Looking Back: Our Nominees for the Five Worst Budget and Policy Choices of 2009

It is that time of the year when there are “10 best” and “10 worst” lists for everything from movies to politicians, followed quickly by the often much less publicized New Year’s resolutions. Today, we take a look at our nominees for the five worst budget and policy proposals made during 2009.  On Monday, we’ll list our five resolutions for moving California ahead in 2010.

A central principle of our work here at the California Budget Project is that budgets are about values and choices – the choices that we, through our elected representatives – make about how to allocate our collective resources for the common good. Tough budget years – and 2009 will go down in history as one of the toughest ever – make for tough choices. However, several policies stand out in our minds as particularly bad decisions that, in some cases, will make future budget years even tougher.

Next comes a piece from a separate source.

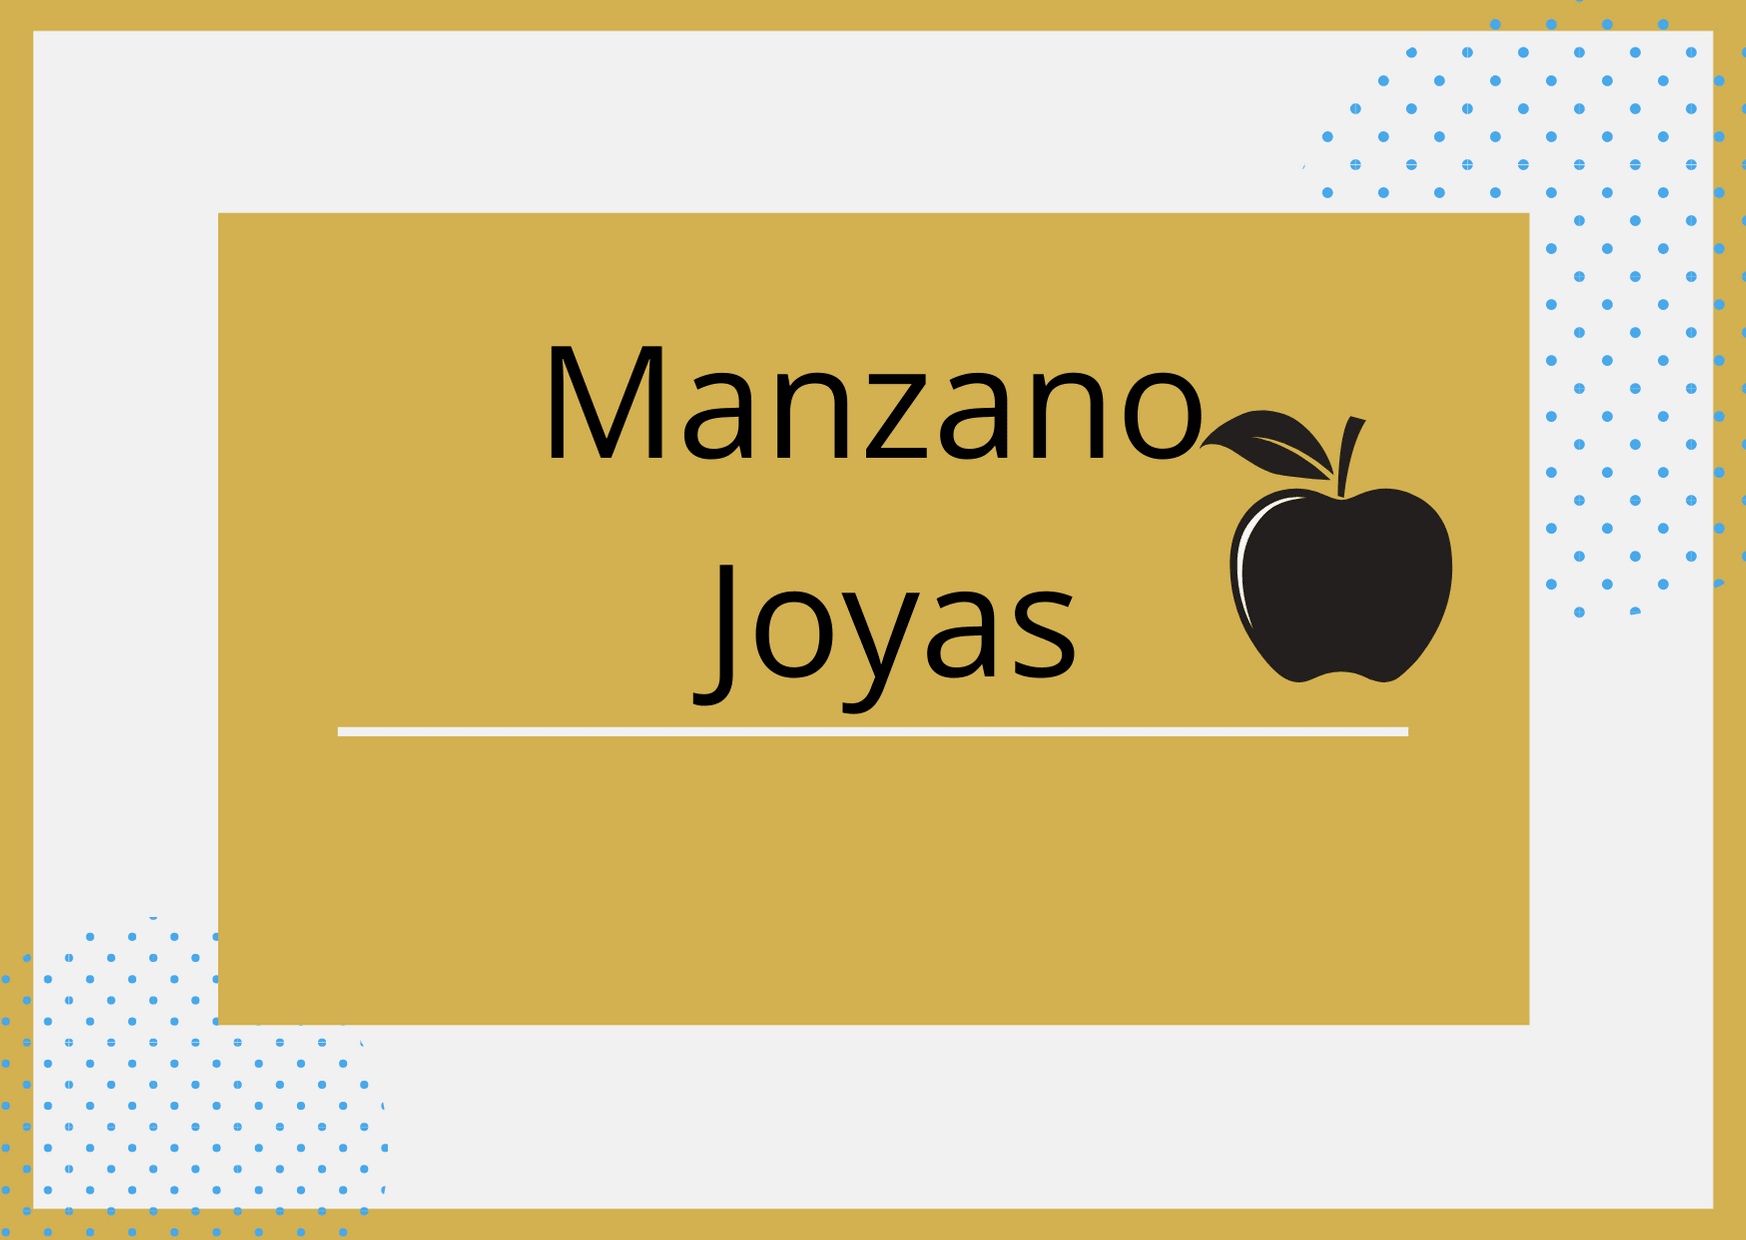 Joyería Manzano

And some will contribute little or nothing toward closing the immediate budget gap, while compromising the well-being of Californians and/or the services they depend on. Our nominees for the five worst are:

  1. The massive corporate tax cuts included in the February budget agreement. The Legislature’s decision to include billions of dollars of tax cuts in the February budget agreement brings to mind all sorts of trite homilies, such as “when you’re in a hole, stop digging.” We don’t think that a spending plan that cut wages for homecare workers (see below) and cut funding for schools, while providing some of the state’s largest and most profitable companies with tax breaks of tens of millions of dollars per year, reflects the values of most Californians. The loss of badly needed revenues will prolong the state’s budget crisis and likely result in even deeper cuts in programs from health care to education.
  2. The recommendations of the Commission on the 21st Century Economy (COTCE). The COTCE proposals would cut taxes for the wealthiest Californians, while increasing taxes for low- to middle-income families and small businesses. They would also place more than half of the state budget in the hands of a risky, untested tax that has been roundly criticized by a number of the nation’s leading tax policy experts. We hope that the Legislature and the Governor will leave the Commission’s report on the shelf and move forward with common-sense proposals that do respond to a 21st century economy, such as collecting sales taxes owed on internet sales, imposing an oil severance tax, and extending the sales tax to selected services.
  3. Eliminating so-called “statutory” cost-of-living adjustments for cash assistance grants, higher education, and other state services. We’ve previously documented the impact of the state’s failure to fund cost-of-living adjustments (COLAs) for county-administered human services programs. The fact is that a dollar today doesn’t buy what it did a year or more ago. The state has repeatedly suspended COLAs for cash assistance grants and human services programs. Eliminating future COLAs removes the Legislature’s obligation to consider the impact of inflation on the families, seniors, and programs that are affected by “flat funding.” It will, over time, result in a ratcheting down of the standard of living for millions of state residents and cuts to the programs and services, including higher education, that they rely on.
  4. Cutting the wages of In-Home Supportive Services (IHSS) workers. The February budget agreement cut the state’s payment toward the wages of some of California’s lowest-paid and hardest-working individuals, the homecare workers who assist the frail elderly and people with disabilities through the IHSS Program. The courts have blocked enactment of the reduction, but the fact that this cut was even contemplated brings us back to our opening comment that budgets are about values and choices. Cutting the pay of low-wage workers runs counter to the values that we believe most Californians hold.
  5. Shortening the time limit for cash assistance through the CalWORKs Program below the federal cap and simultaneously reducing funding for programs aimed at moving families from welfare to work. The July budget agreement limits adults to 48 cumulative months of cash assistance in any 60-month period (adults would be allowed to go back on aid for up to a year after a one year break in assistance). The same agreement reduced funding for employment services aimed at helping individuals overcome barriers to work and gain the skills they need to succeed in the workforce. The 1996 federal welfare act – and the state’s subsequent enactment of the CalWORKs program – limited cash assistance. It also understood that many families would need help to move from welfare to work and that providing that help was a good investment for the long term. Changes to the state’s time limits provide no savings in the short run to help balance the budget, but represent a step backward for thousands of the state’s most vulnerable families.

Narrowing down the list to five was tough. Runners-up include funding cuts for the University of California and California State University systems that resulted in enrollment caps at a time when California needs more, not fewer, college educated workers; deep cuts to foster care and child welfare programs that are already under added pressures as a weak economy increases stress on fragile families; diverting funds from public transit at a time when the need to address climate change and congestion will require more, not less, resources; and the deep cuts to California’s public schools at a time when demographic and economic challenges are placing more challenges than ever on the state’s classrooms.

We’re hoping 2010 ushers in some better policy and budget choices. Best wishes to all our supporters and readers for a happy new year.